Гудели самолёты. Шумел ветер. Летел снег. Небо, серое как аэропорт, лежало на его крыше. Через стеклянные двери входили и выходили люди: мужчины в дублёнках и коже, дамы в дорогих мехах. Автоматика беззвучно пропускала их туда и оттуда.
Перед входом стояли машины: редко «жигули» и «Волги», часто иномарки. Порывы ветра пахли то дорогими духами, то отработанными газами.
Два пожилых человека — наверное, муж и жена — стояли против строя машин. Он был в дешёвой зимней куртке и кроличьей шапке с опущенными ушами, она в шали и коричневом пальто с чёрным воротником, оба в валенках. Чистая, достойная бедность сквозила в их облике. Женщина плакала и вытирала глаза маленьким розовым платочком.


Я подошёл, спросил куда им. Старик ответил: далеко, но пока только до автовокзала.
— Садитесь, я довезу. У вас, наверное, горе?
У старушки сильнее полились слёзы, а муж ответил:
— Вы правы, нерадостный день у нас сегодня. Последнего сына проводили с внуками. Насовсем. В этот… как его? Вот память, уже забыл. Одним словом, в Германию.
— Багажа нет?
— Какой там багаж! – махнул он рукой. — Вот, одна сумчошка.
Уселись.
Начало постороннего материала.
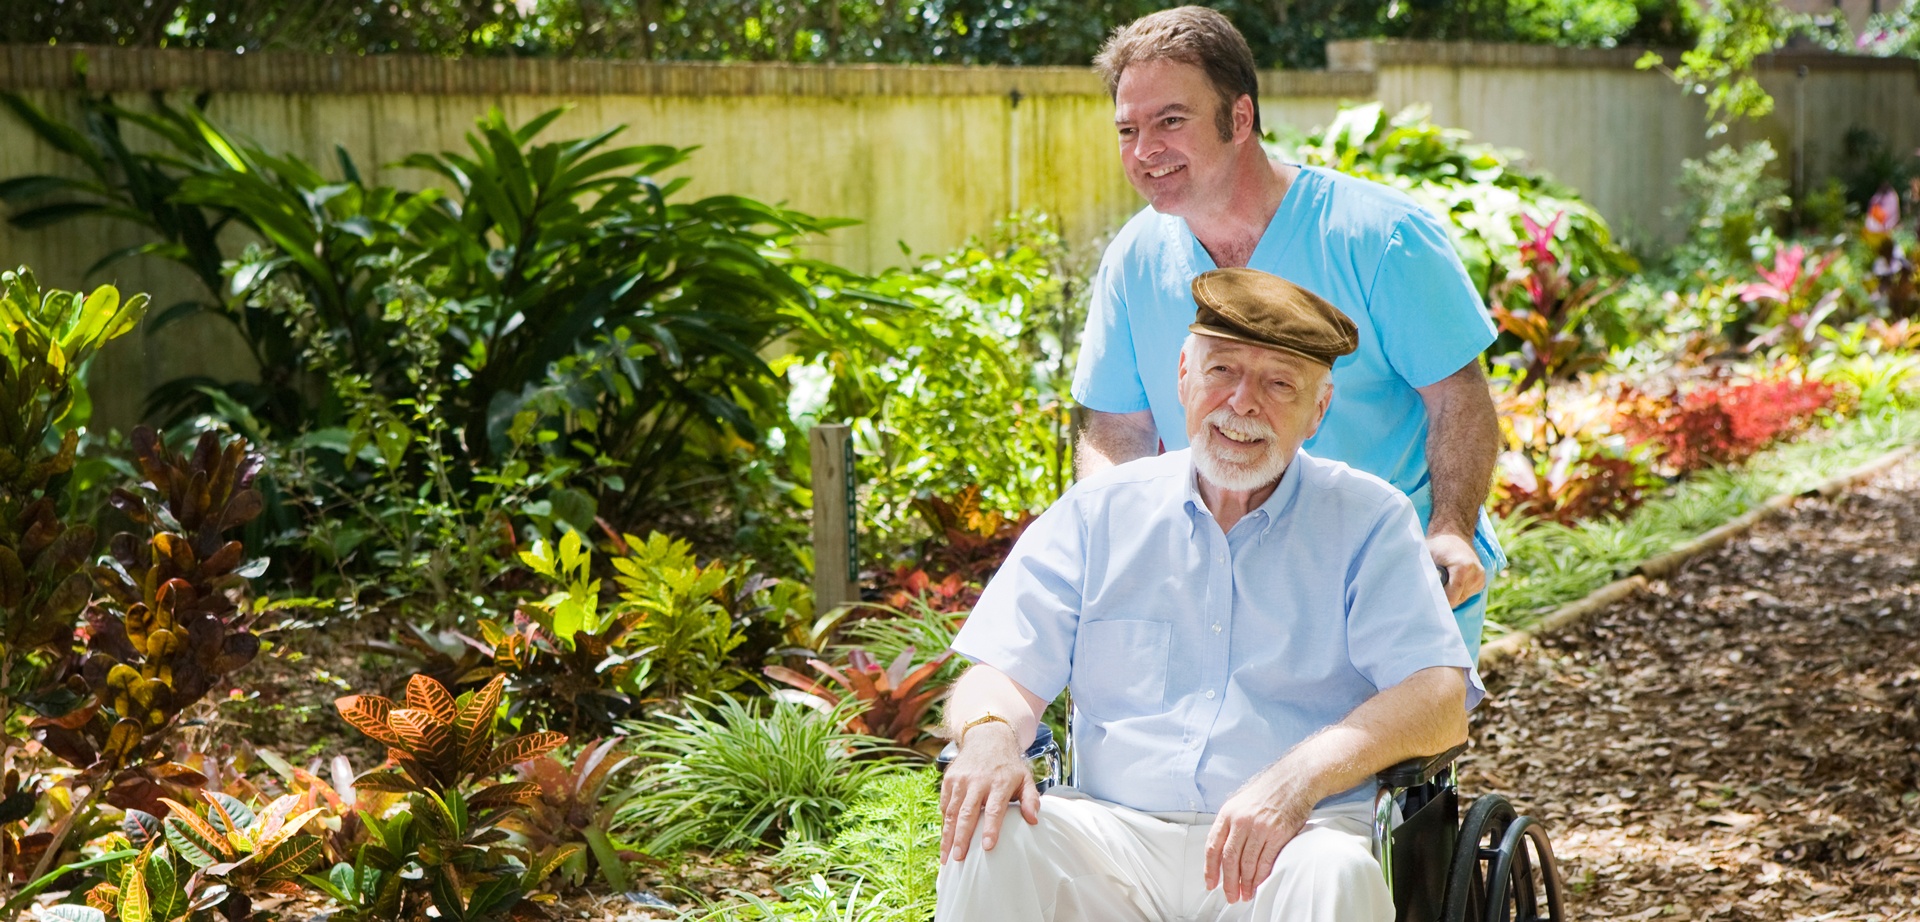 Caregiver with senior in garden
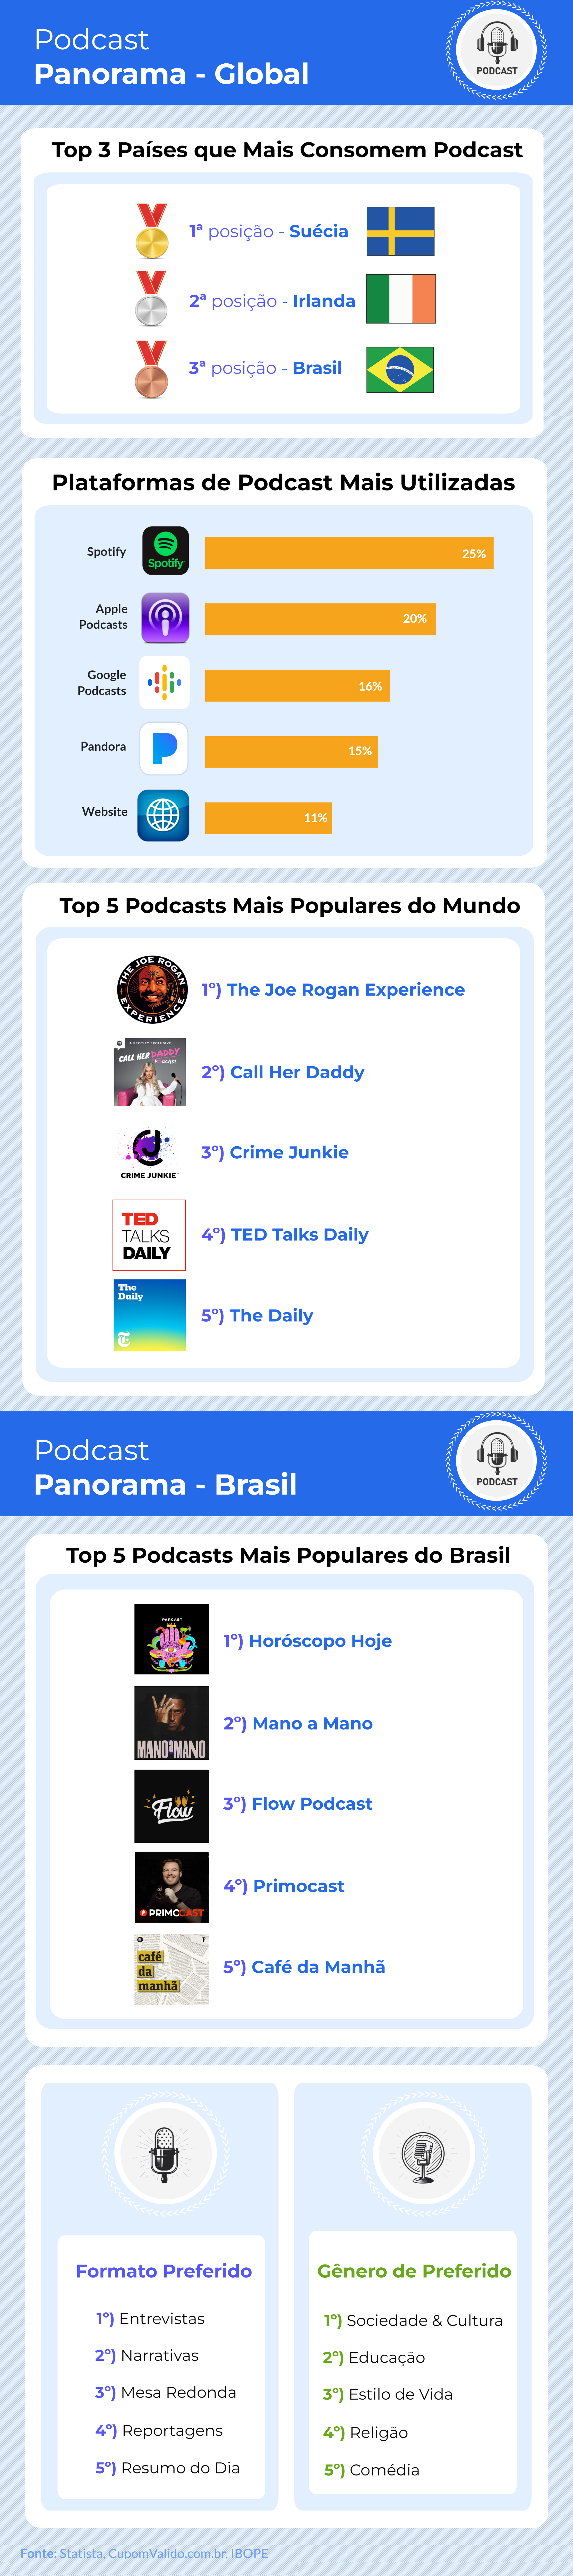 Brasil é o 3º pais que mais consome podcast no mundo
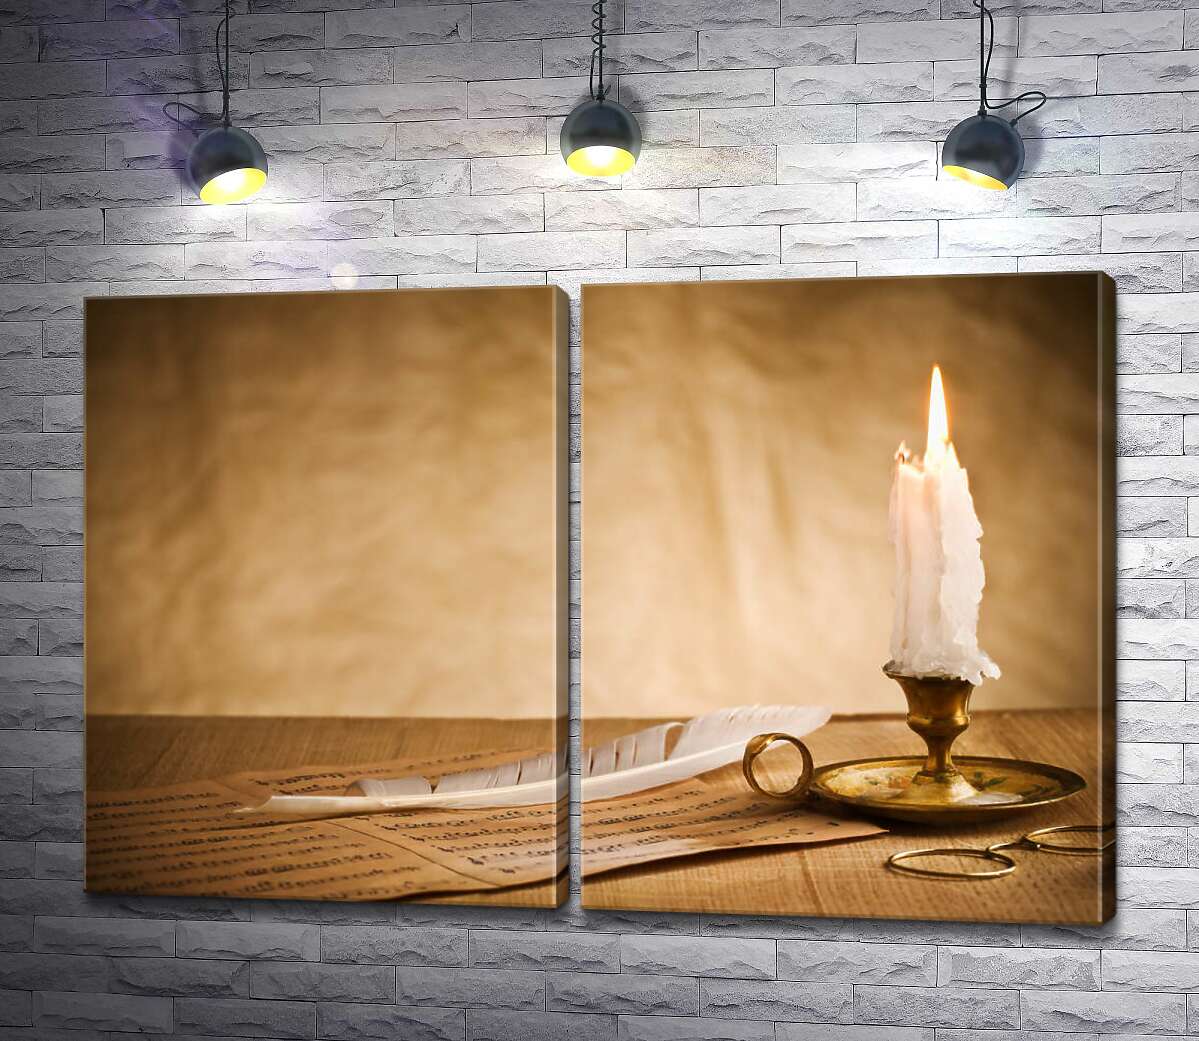 модульная картина Теплый огонек белой свечи освещает письмо и перо
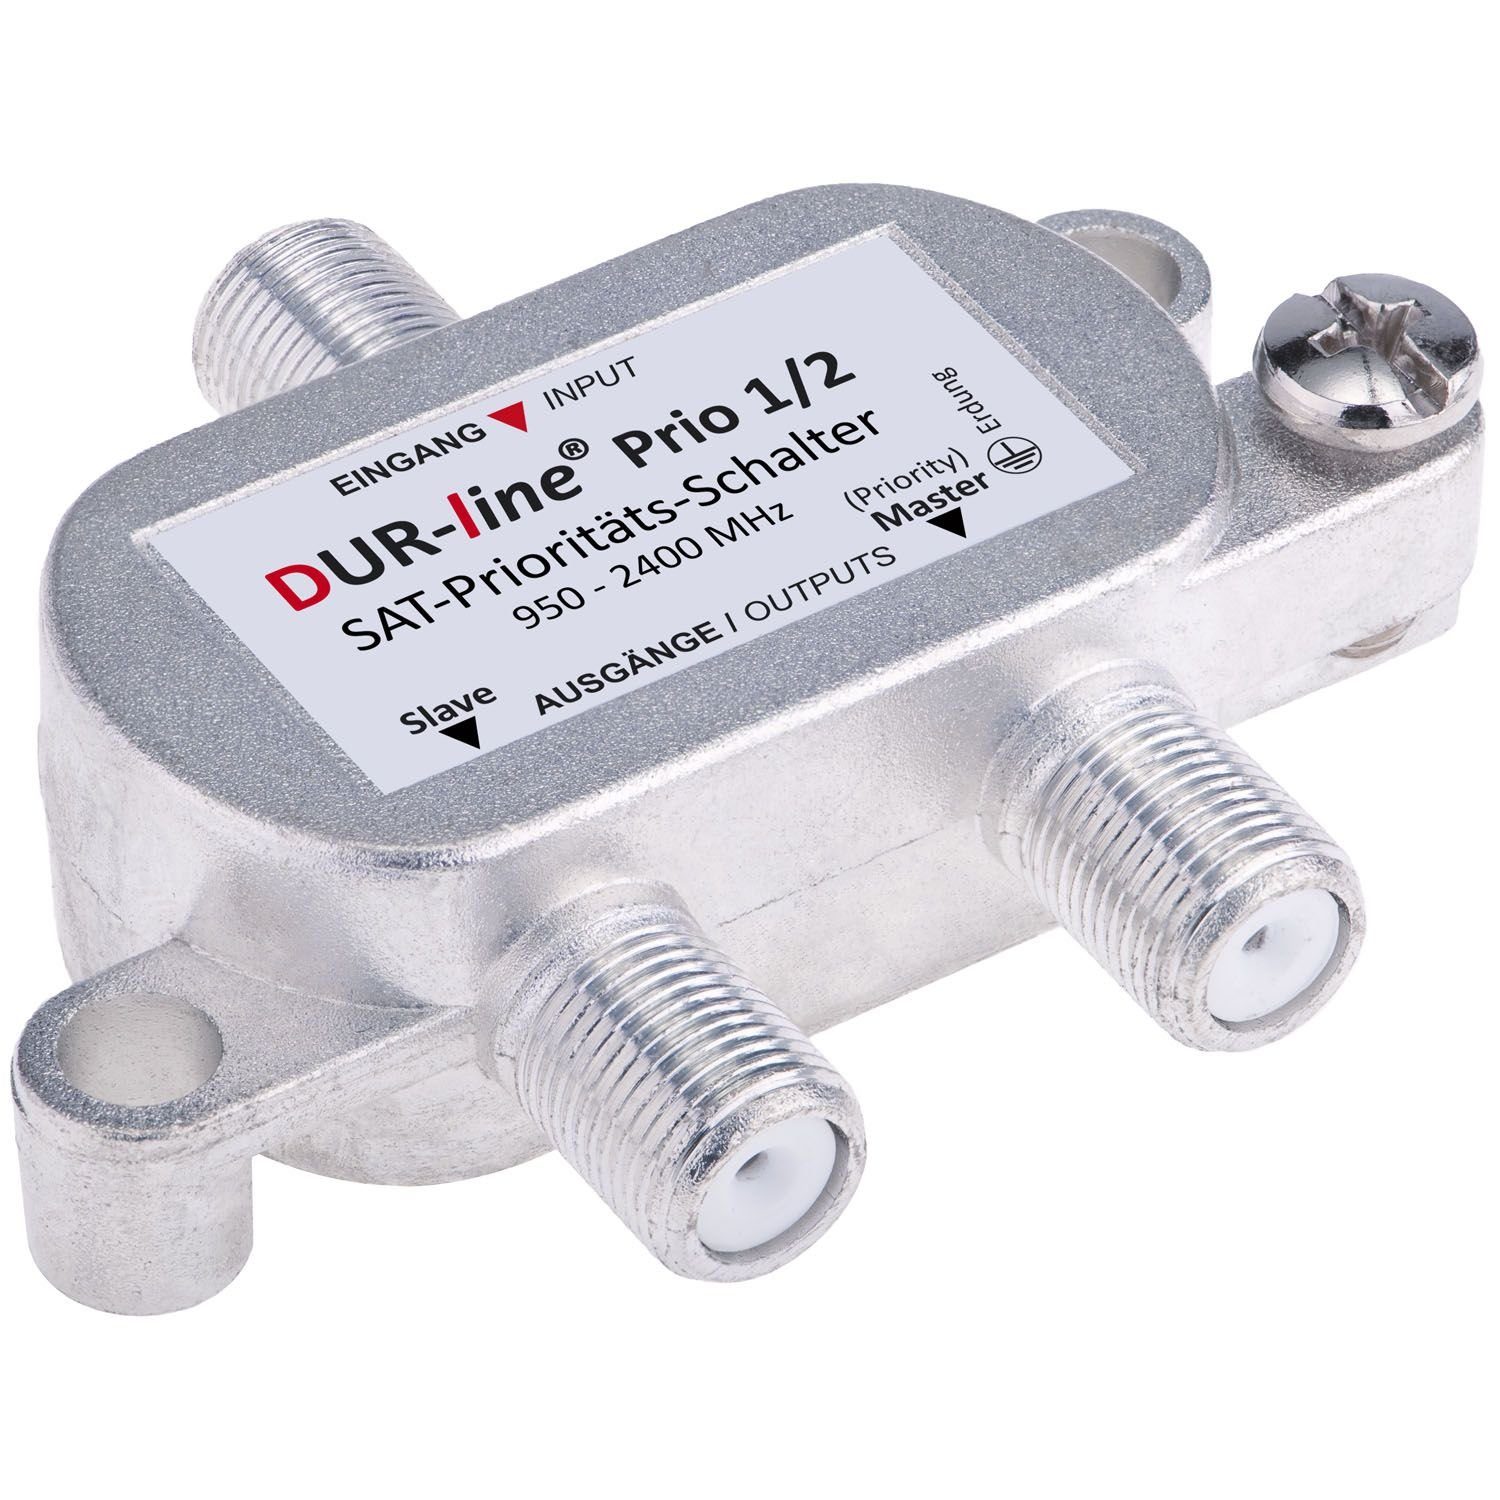 DUR-line DUR-line Prio 1/2 - SAT-Prioritäts-Schalter SAT-Kabel
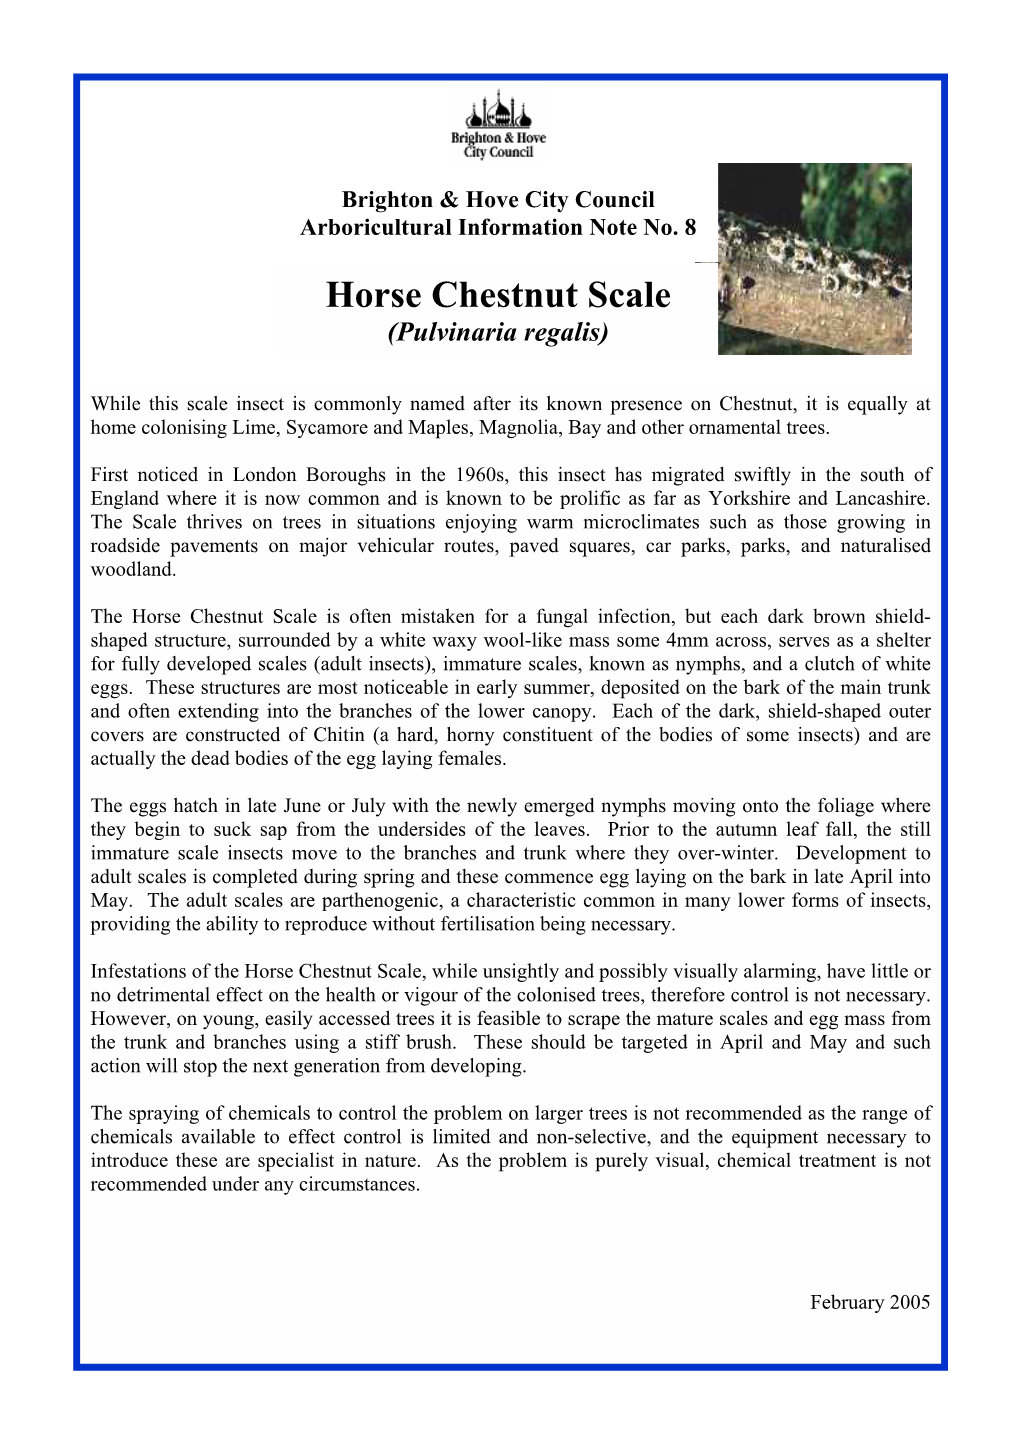 Horse Chestnut Scale (Pulvinaria Regalis)

Поехали.
— Вы, наверное, немцы? – спросил я.
— Какие немцы! Моя фамилия Молчанов, — рассердился старик. — Жёны их немки, — сказал он после некоторого молчания.
— Кого их?


— Сыновей моих. Два сына у нас со старушкой: Юрка и младший Витька, которого мы сегодня проводили. У обоих жёны немки. И оба уехали. Вот мы и остались на старость лет… Одни и никому не нужные. Старуха уже неделю плачет. Витька, как дом продал, последнюю неделю у нас жил с семьёй. А она как посмотрит на внучек Катьку и Танюшку, так слёзы и польются — на её руках выросли, к сердцу прикипели. А теперь вот и внук родился… Вся радость, весь смысл пропали. Давеча у барьера кинулась Витьке на шею: «Витенька, да зачем же я эту бумажку подписала, что согласна вас отпустить!» Старушка тихо завыла на заднем сидении.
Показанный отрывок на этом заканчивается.